Pictures appear among the records below and must be omitted. Repeat exactly the lines from the line with "Baby Panda Wallpapers 1920x1200" to the line with "Bab Ii Pembahasan", both included.

• Input:
☆ ☆ ☆
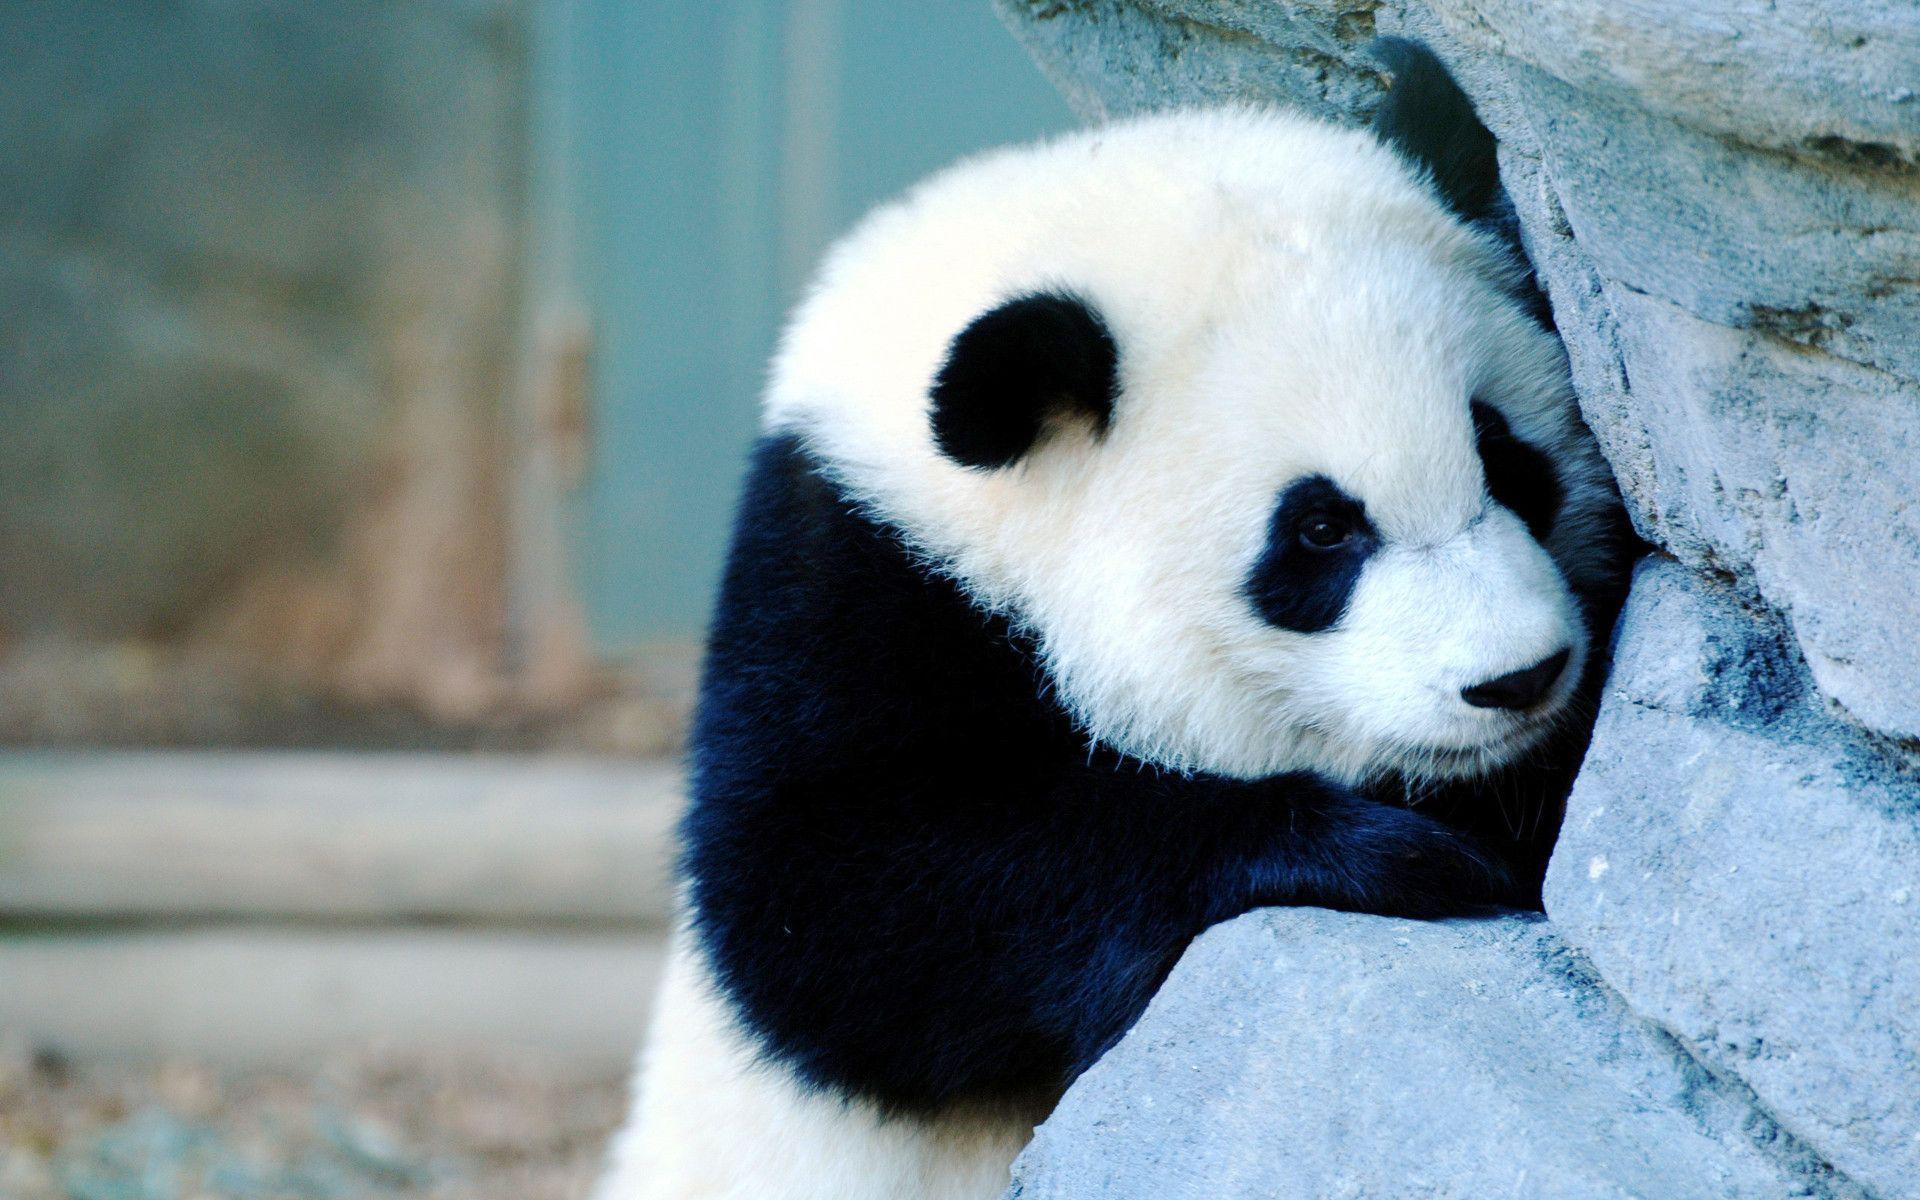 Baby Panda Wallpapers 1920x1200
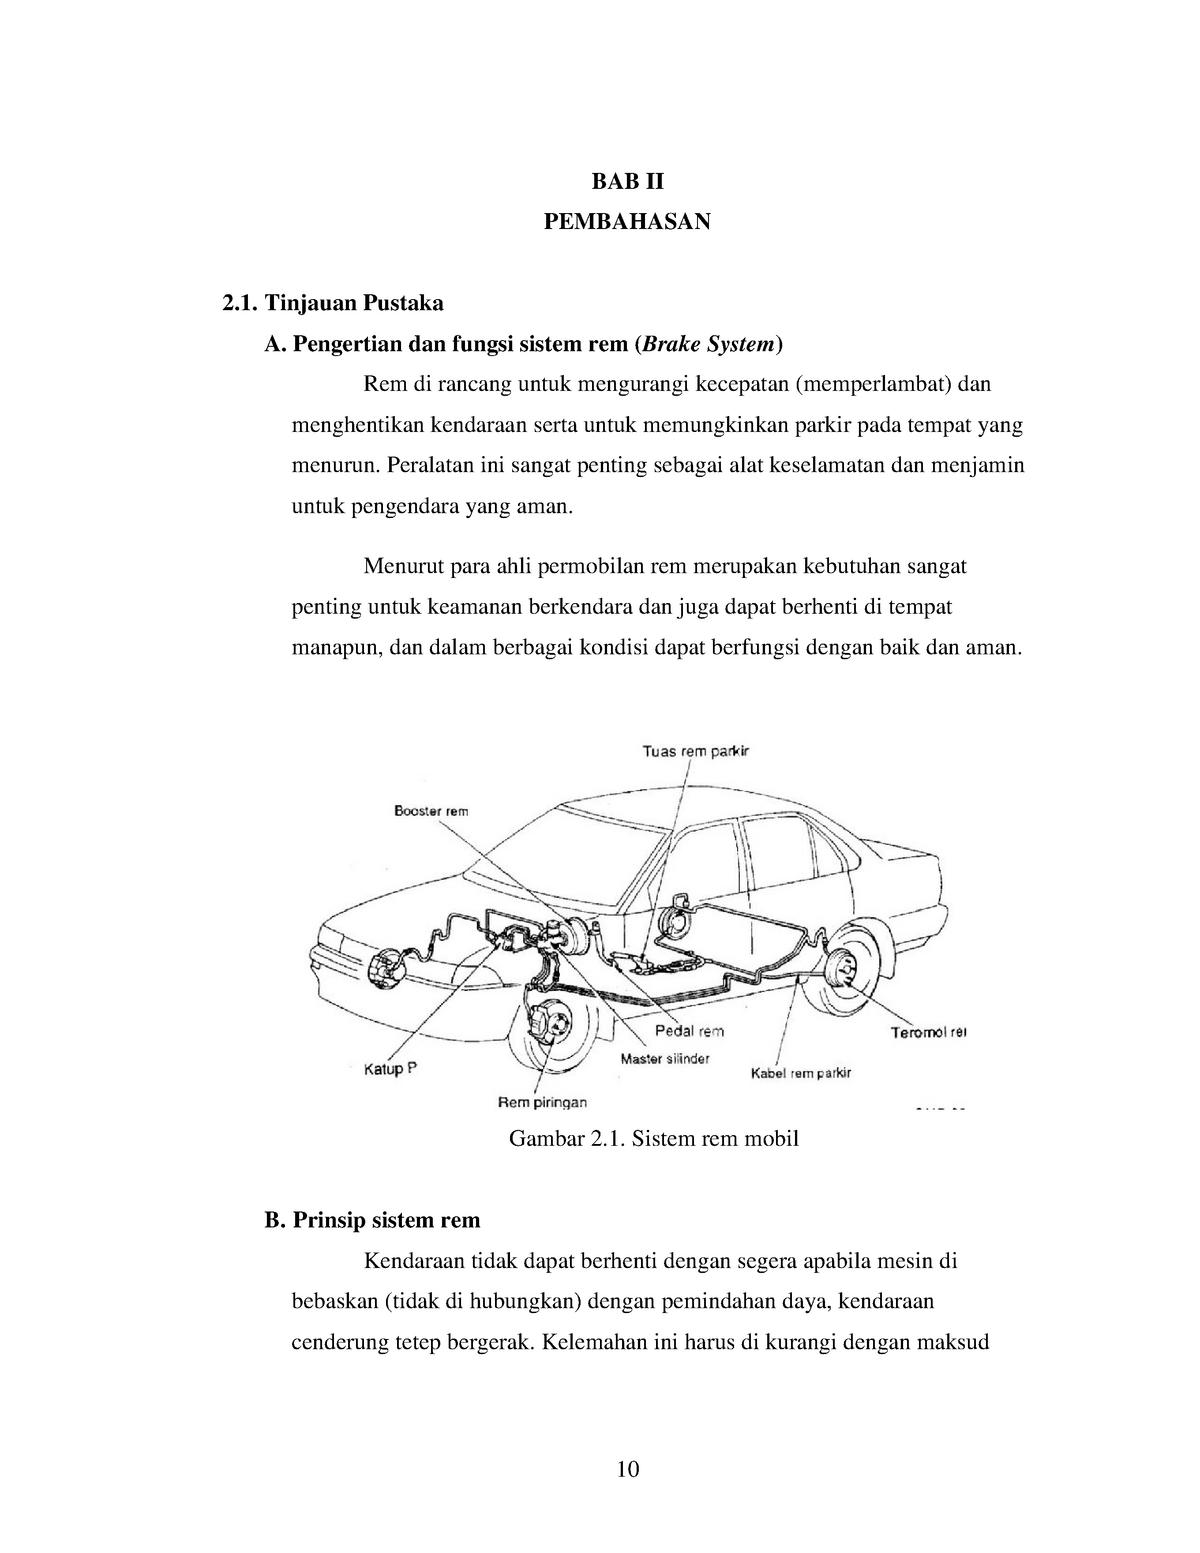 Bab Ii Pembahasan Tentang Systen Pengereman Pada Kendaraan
☆ ☆ ☆
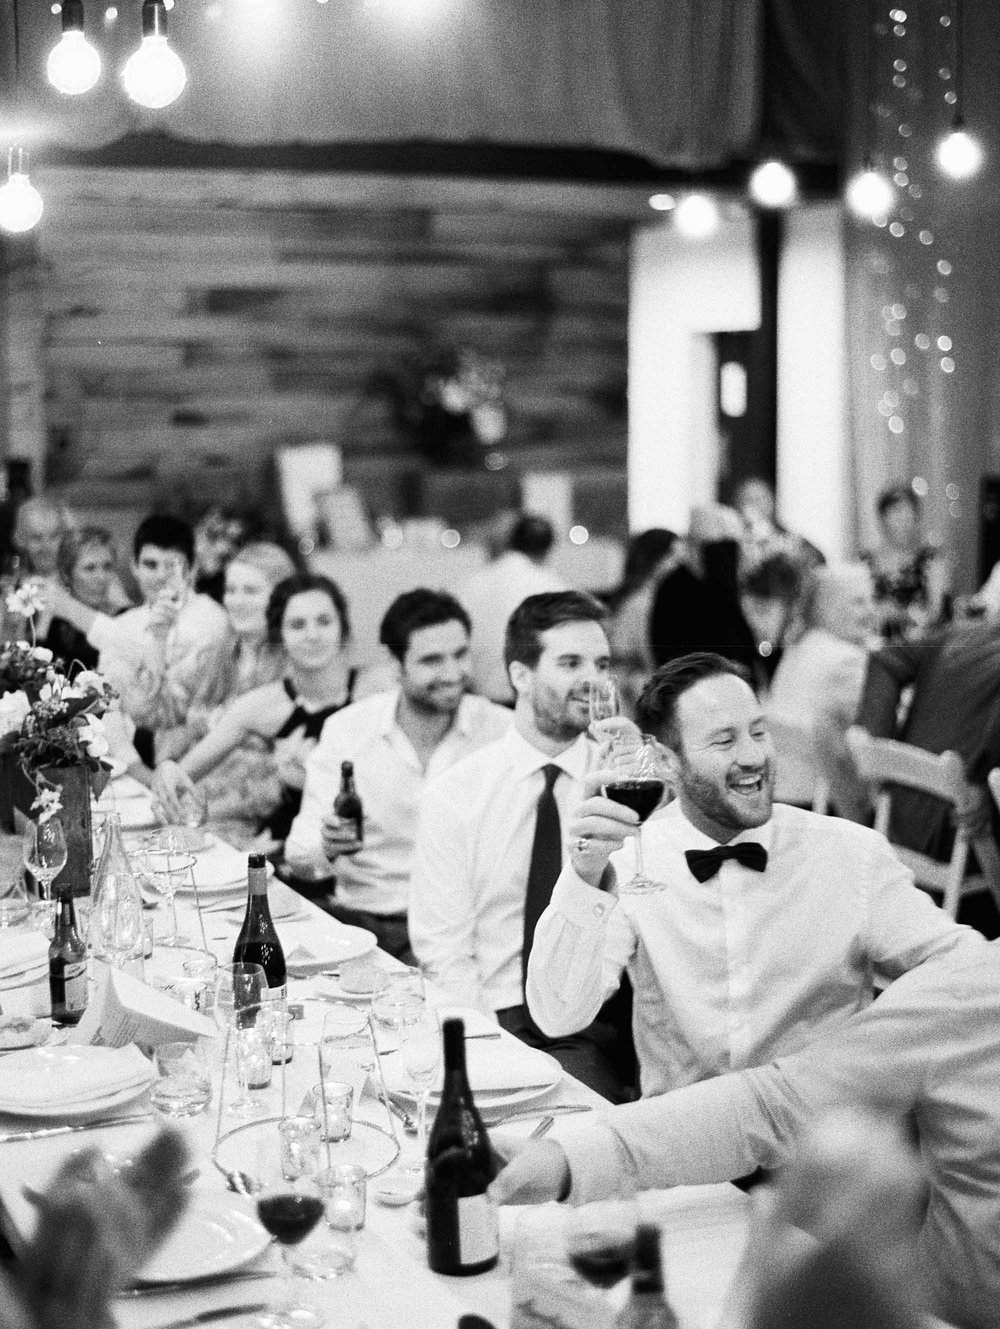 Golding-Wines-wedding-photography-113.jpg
☆ ☆ ☆
• Task response:
 Baby Panda Wallpapers 1920x1200
 Bab Ii Pembahasan Tentang Systen Pengereman Pada Kendaraan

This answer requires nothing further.